We already own a house in central portugal,but currently live and work in the UK..We cannot decide whether to leave work in the UK and live half our life in Portugal then come back to the UK to work for the other half.
We are not financially stable but could make ends meet.
Can anyone give advice,


----------



## canoeman (Mar 3, 2011)

This is asked a lot, under current EU Law *you cannot spend* 6 months in one country 6 months in another.

*The requirement is if you spend longer than 3 months in a EU country you must register your Residence in that country* you would lose your UK Residence rights free health care etc 

Your legal option is to limit your stay in Portugal to just under the 3 month limit at any one time, but you still run the risk that Portuguese Financas might consider you a Tax Resident, see link below

Mouton just asked a similar question
http://www.expatforum.com/expats/po...-living-portugal/212466-long-term-rental.html


----------



## Helenterry (Sep 20, 2013)

We have a fiscal number, and bank account, mortgage etc in Portugal. Do you know of any family/people who are interested in long term property rental as another option? 

There is no time limit, I just gave 6 months as an example to share our time between the UK and Portugal, as living in the UK is getting worse.
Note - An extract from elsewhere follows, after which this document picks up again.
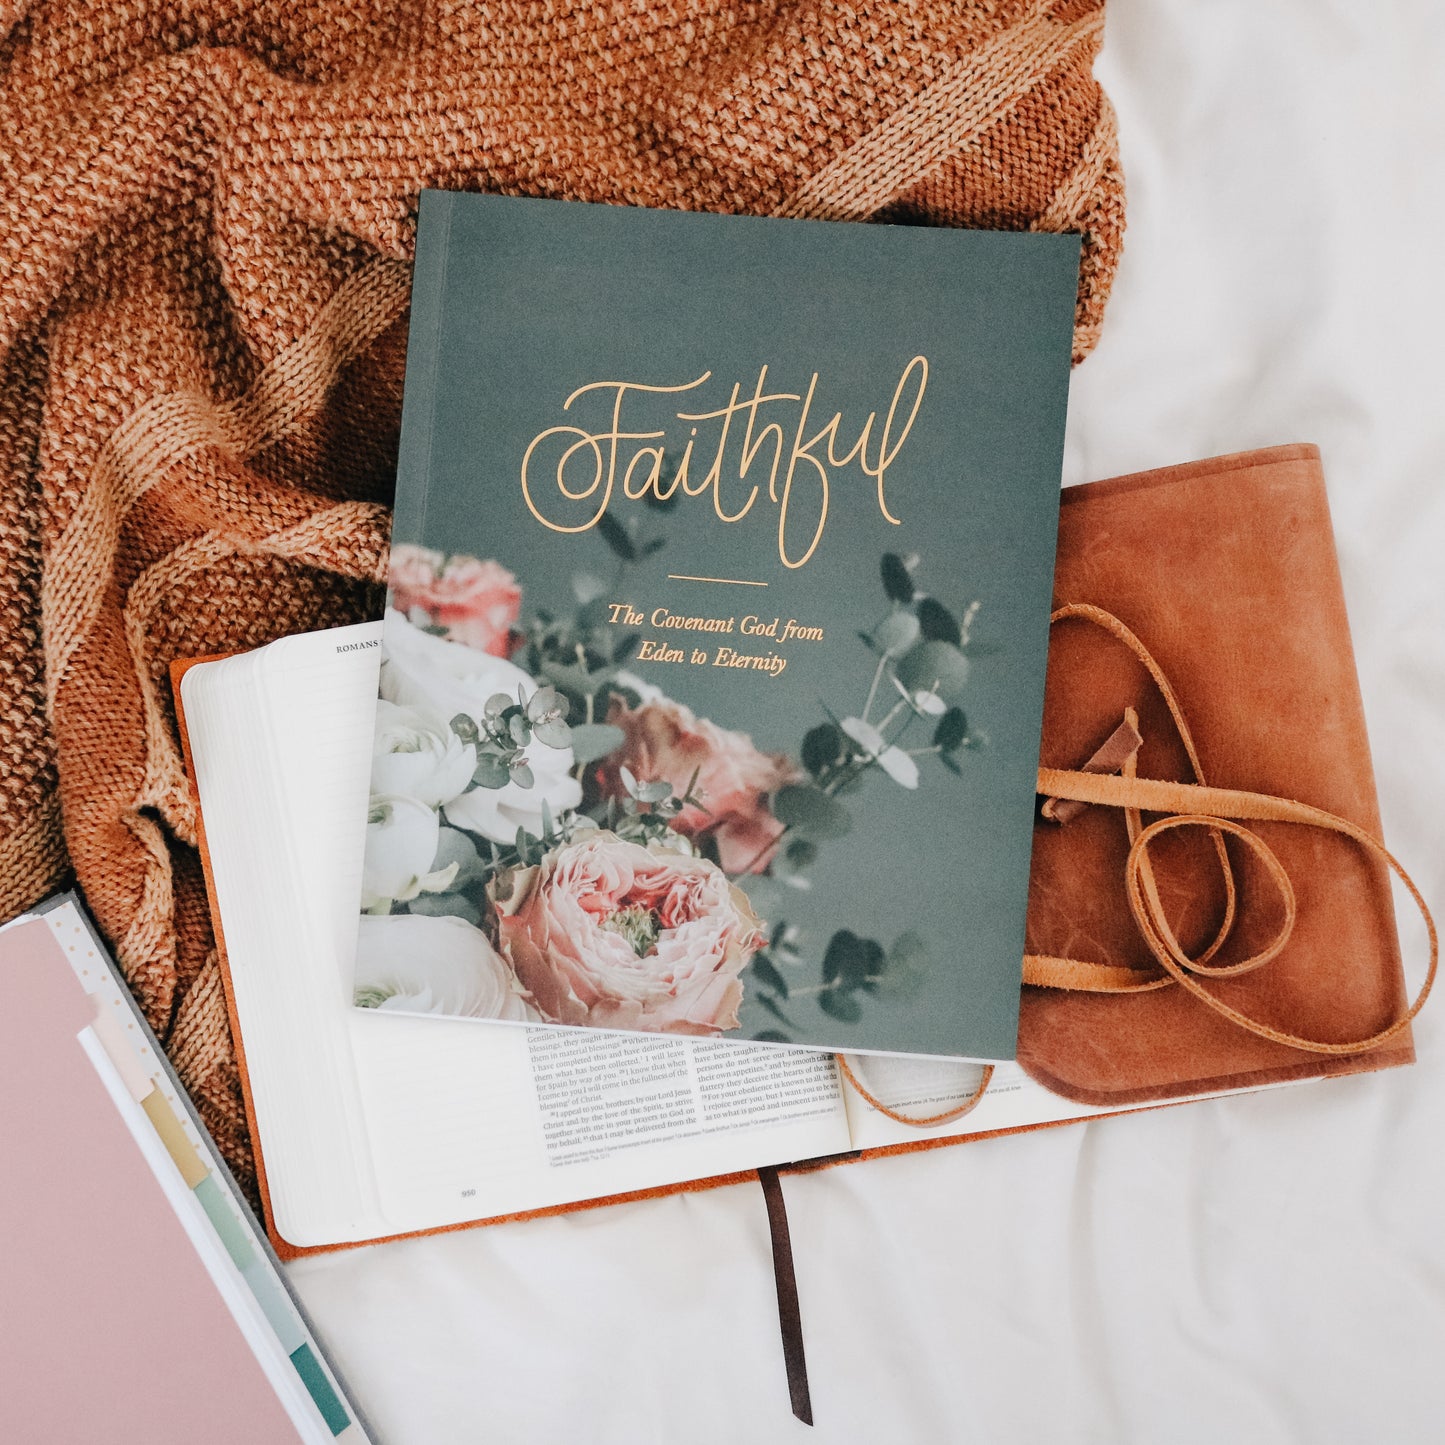 Faithful | From Eden to Eternity

Thank you for responding and thanks for your advice


----------



## canoeman (Mar 3, 2011)

There are always members enquiring about long term lets, it's keeping an eye on the forum, just a couple of issues like UK as you have a mortgage you'd need to consult them about renting, also I'm afraid you should declare any earnings here to Financas, holiday lets might be an alternative if your property is suitable and in a good location, still reguire a licence and reporting to Financas but easier


----------



## Helenterry (Sep 20, 2013)

canoeman said:


> There are always members enquiring about long term lets, it's keeping an eye on the forum, just a couple of issues like UK as you have a mortgage you'd need to consult them about renting, also I'm afraid you should declare any earnings here to Financas, holiday lets might be an alternative if your property is suitable and in a good location, still reguire a licence and reporting to Financas but easier


OK THanks for your advice,we shall get out this rat race one day!


----------



## canoeman (Mar 3, 2011)

Afraid no one country likes to make it easy, each one wants their pound of flesh


----------